Multimodal Saliency and Fusion for Movie Summarization Based on Aural, Visual, and Textual Attention
Georgios Evangelopoulos,Athanasia Zlatintsi,Alexandros Potamianos,Petros Maragos,Konstantinos Rapantzikos,Georgios Skoumas,Yannis Avrithis
DOI: https://doi.org/10.1109/tmm.2013.2267205
IF: 7.3
2013-11-01
IEEE Transactions on Multimedia
Abstract:Multimodal streams of sensory information are naturally parsed and integrated by humans using signal-level feature extraction and higher level cognitive processes. Detection of attention-invoking audiovisual segments is formulated in this work on the basis of saliency models for the audio, visual, and textual information conveyed in a video stream.
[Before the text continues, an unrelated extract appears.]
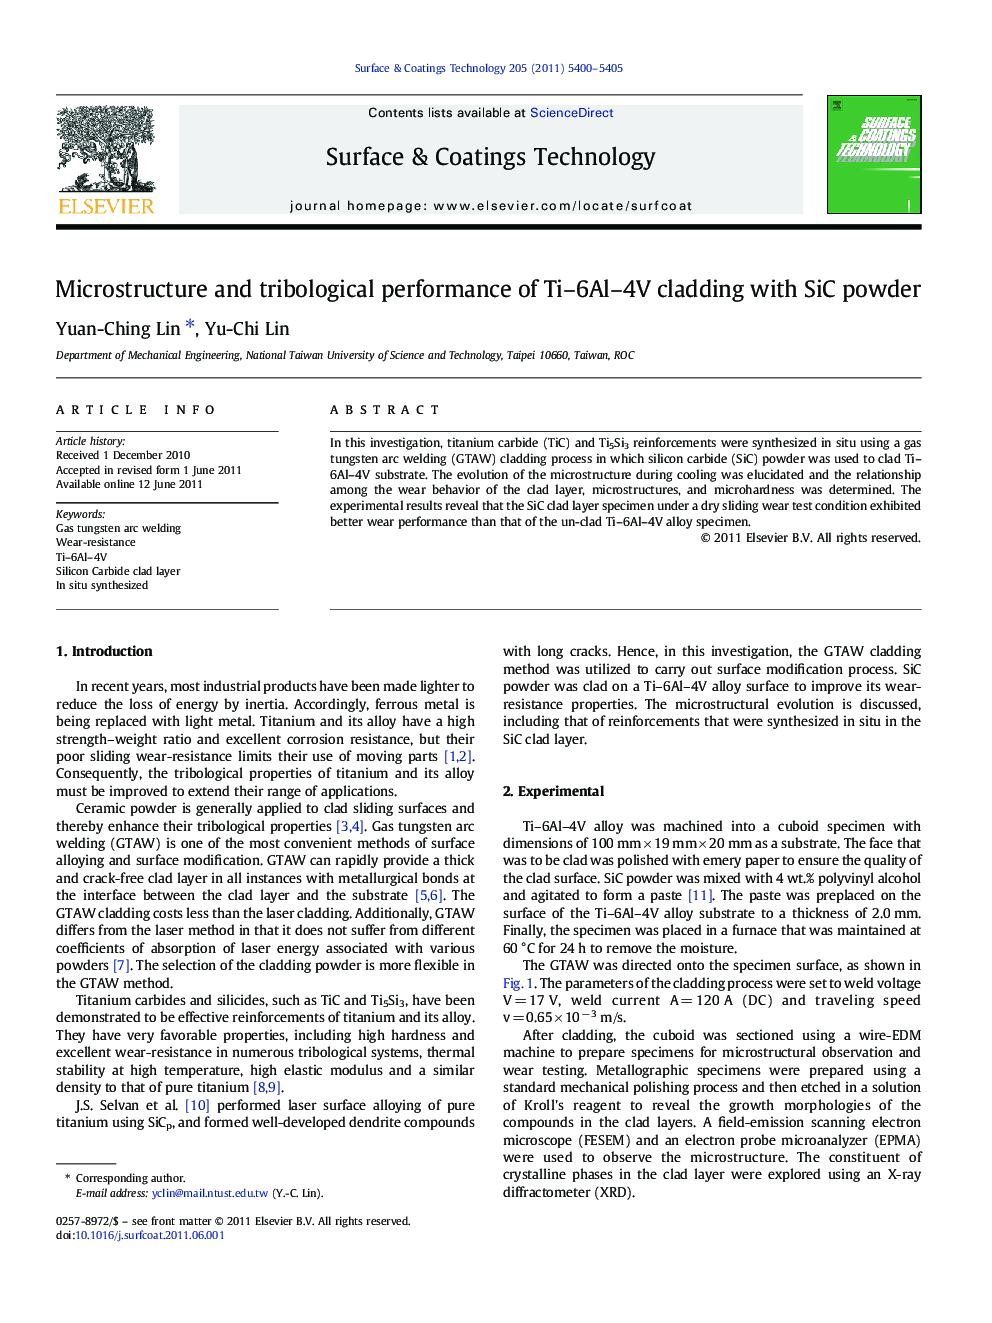 Microstructure and tribological performance of Ti-6Al-4V cladding with SiC powder

Aural or auditory saliency is assessed by cues that quantify multifrequency waveform modulations, extracted through nonlinear operators and energy tracking. Visual saliency is measured through a spatiotemporal attention model driven by intensity, color, and orientation. Textual or linguistic saliency is extracted from part-of-speech tagging on the subtitles information available with most movie distributions. The individual saliency streams, obtained from modality-depended cues, are integrated in a multimodal saliency curve, modeling the time-varying perceptual importance of the composite video stream and signifying prevailing sensory events. The multimodal saliency representation forms the basis of a generic, bottom-up video summarization algorithm. Different fusion schemes are evaluated on a movie database of multimodal saliency annotations with comparative results provided across modalities. The produced summaries, based on low-level features and content-independent fusion and selection, are of subjectively high aesthetic and informative quality.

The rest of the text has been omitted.